= Simona Cerutti =

Italian historian (born 1954)

Simona Cerutti (born 24 September 1954) is an Italian historian. Since 2001 she has been Directrice d’Etudes à l’Ecole des Hautes Etudes en Sciences Sociales in Paris, and she is also Directrice responsible du Laboratoire de Démographie et Histoire Sociale (LaDéHiS) at EHESS, Paris.

== Biography ==
Cerutti attended high school in Turin. As soon as she enrolled at university, she started (by chance) to work at the Einaudi publishing house in Turin, where she was able to meet people such as Giulio Einaudi, Italo Calvino and Primo Levi. Cerutti also studied under Giovanni Levi, who introduced her to historical research and archives, and supervised her thesis. Levi coordinated a network of young researchers, beginners in historical research, who met at his house for weekly seminars of reading and discussion of texts.

In 1980, when Levi and Carlo Ginzburg began the "Microstorie" series, she edited the volumes in the publishing house. When, in 1985, she left the publishing house and enrolled in a doctorate in Paris, she continued to work alongside Levi and Ginzburg on the series.

Later, her professional life took place essentially in Paris. She did her doctorate under the direction of Maurice Aymard and Jacques Revel. She worked with Ginzburg again and curated a series at the Feltrinelli publishing company.

She was able to gain international experience, for example at the University of Florence, Cornell (Ithaca, N.Y.), Geneva and at the Columbia University in New York.

== Research ==
Cerutti was co-director (together with Carlo Ginzburg and Giovani Levi) of the Serie "Microstorie" (EInaudi, 1985-1990). 1989 she became co-director of the Journal Quaderni Storici, and 2015 a member of the research community (WOG) Urban Agency at University of Antwerp, coordinated by Bert De Munck.

Her main focus includes research on social classifications and hierarchies in early modern societies with particular attention to the culture of law in the language and in the categories of social actors. She is responsible for an international research group (Citoyenneté et propriété au nord et au sud de la Méditerranée, XVIe-XIXe siècles: 2016-2020), composed of students engaged in a comparative project on “citizenship” both in northern and the southern regions of the Mediterranean. She is developing a reflection on the future of social history and the developments of micro-historical methods. Currently she is writing a book on petitions and communication with authorities in early modern Italian societies.

She is doing research on topics of history and hierarchy as well as the social classification in European cities of the Ancien Régime.
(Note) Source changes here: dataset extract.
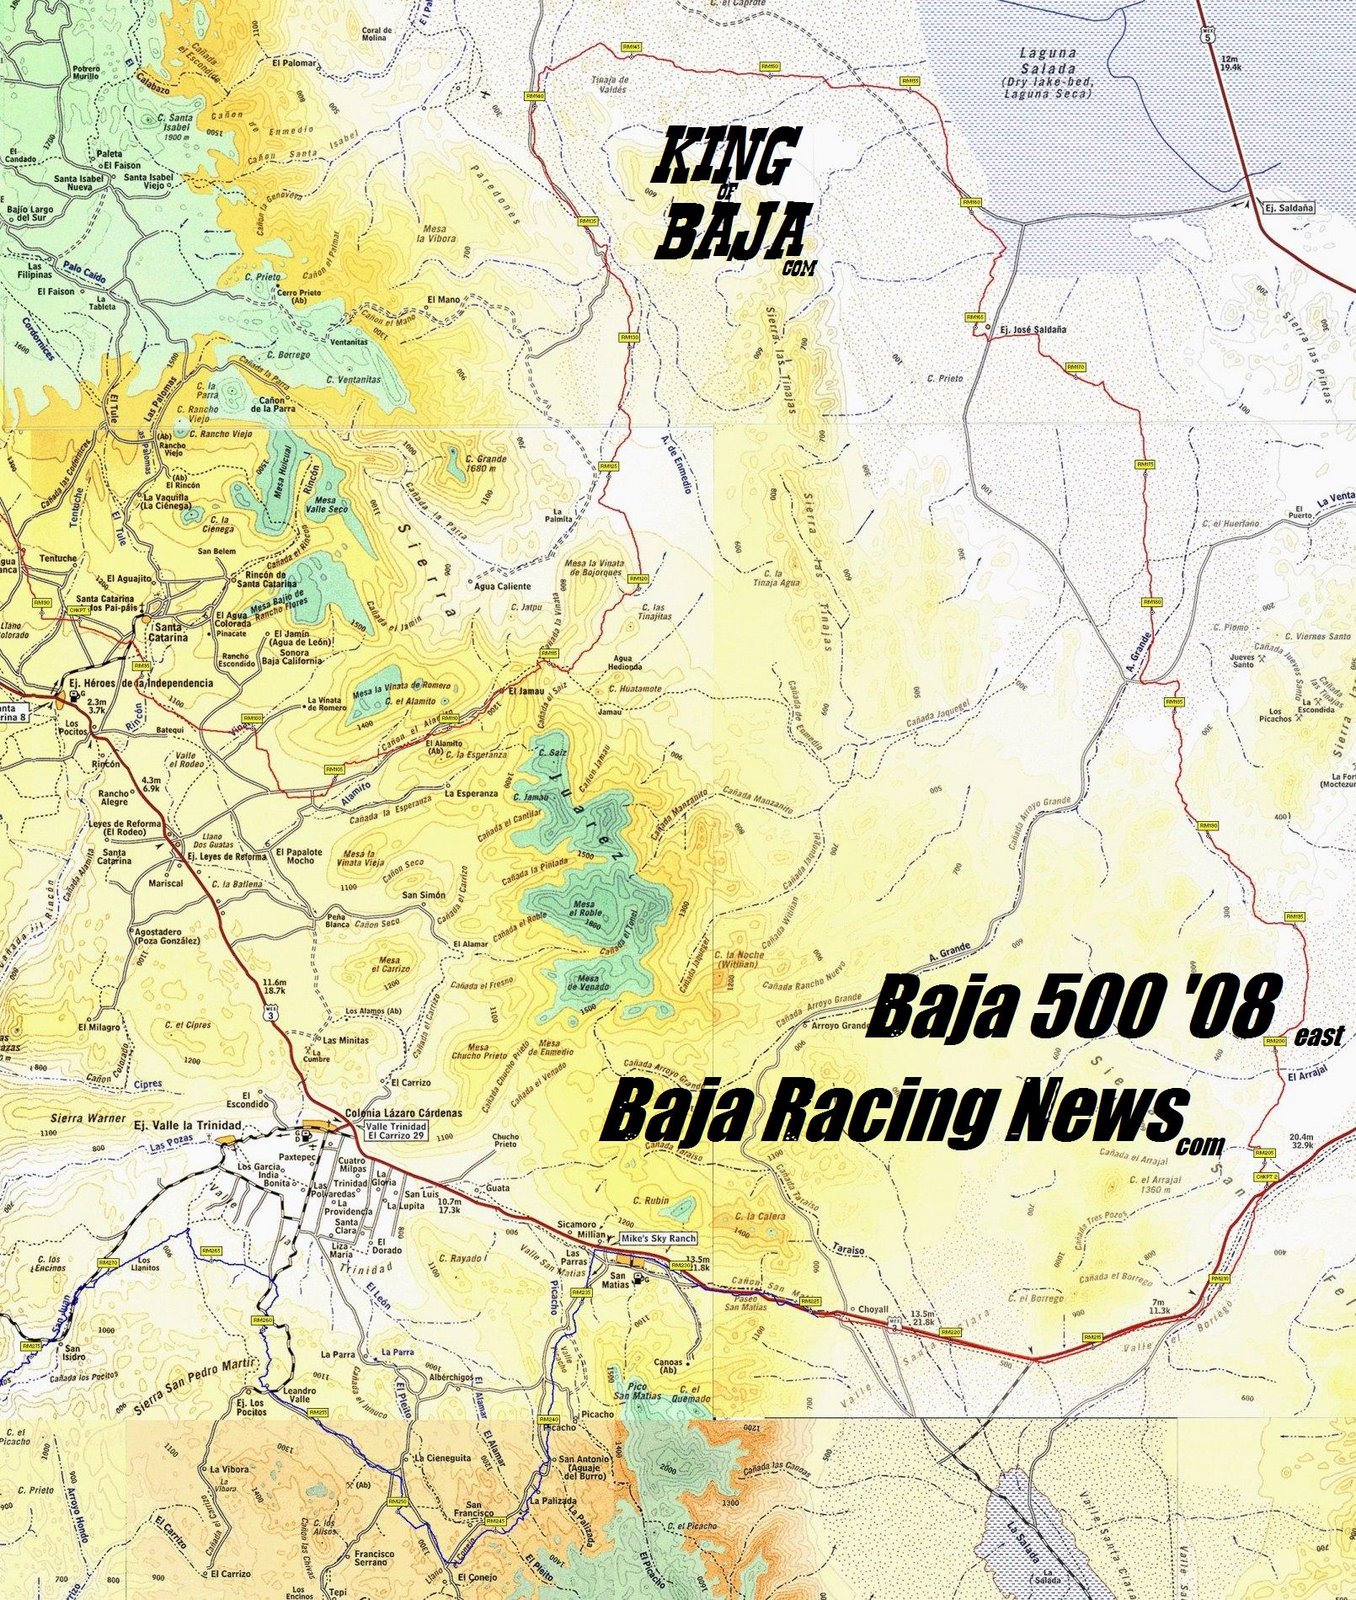 [baja+racing+news+.com+baja+500+2008+map+detail+east.jpg]

Specifically she looks at the following points:
- Communication with authorities and justice demands between the social classes during modernity
- Social and juridical classification of citizen and non-citizen
- Legal proceedings in front of court in the Ancien Régime
- Comparing history of citizenship in the north and south mediterranean.

== Works ==

- Etrangers. Etude d’une condition d’incertitude dans une société d’Ancien Régime, Bayard, Paris 2012
- Giustizia sommaria. Pratiche e ideali di giustizia in una società di Ancien Régime (Torino, XVIII secolo), Gian Giacomo Feltrinelli Editore, Milan, 2003.
- Mestieri e privilegi. Nascita delle corporazioni a Torino, secoli XVII-XVIII, (éd. italienne) Einaudi, Turin 1992.
- La Ville et les métiers. Naissance d'un langage corporatif (Turin, XVII^{e}-XVIII^{e} siècle), Editions de l'EHESS, Paris 1990.

- L’appartenance locale et propriété au nord et au sud de la Méditerranée (en collaboration avec  S. Bargaoui et I. Grangaud), Cahiers de IREMAM (https://books.openedition.org/iremam/3396)
- Suppliques.  Lois et cas dans la normativité de l’époque moderne(en collaboration avec M. Vallerani), Atelier du Centre des Recherches Historiques (https://acrh.revues.org/6525)
- «Fatti : storie dell’evidenza empirica», numéro monographique de Quademi Storici 108,3, 2001 (en collaboration avec G. Pomata)
- «Procedure di giustizia», numéro monographique de Quademi Storici, 101, 2, 1999, (en collaboration avec R. Ago).
- «Cittadinanze», numéro monographique de Quaderni Storici, 89, 2, 1995 (en collaboration avec R. Descimon et M. Prak)
- Conflitti nel mondo del lavoro, numéro monographique de Quaderni Storici, 80, 3, 1992 (en collaboration avec C. Poni).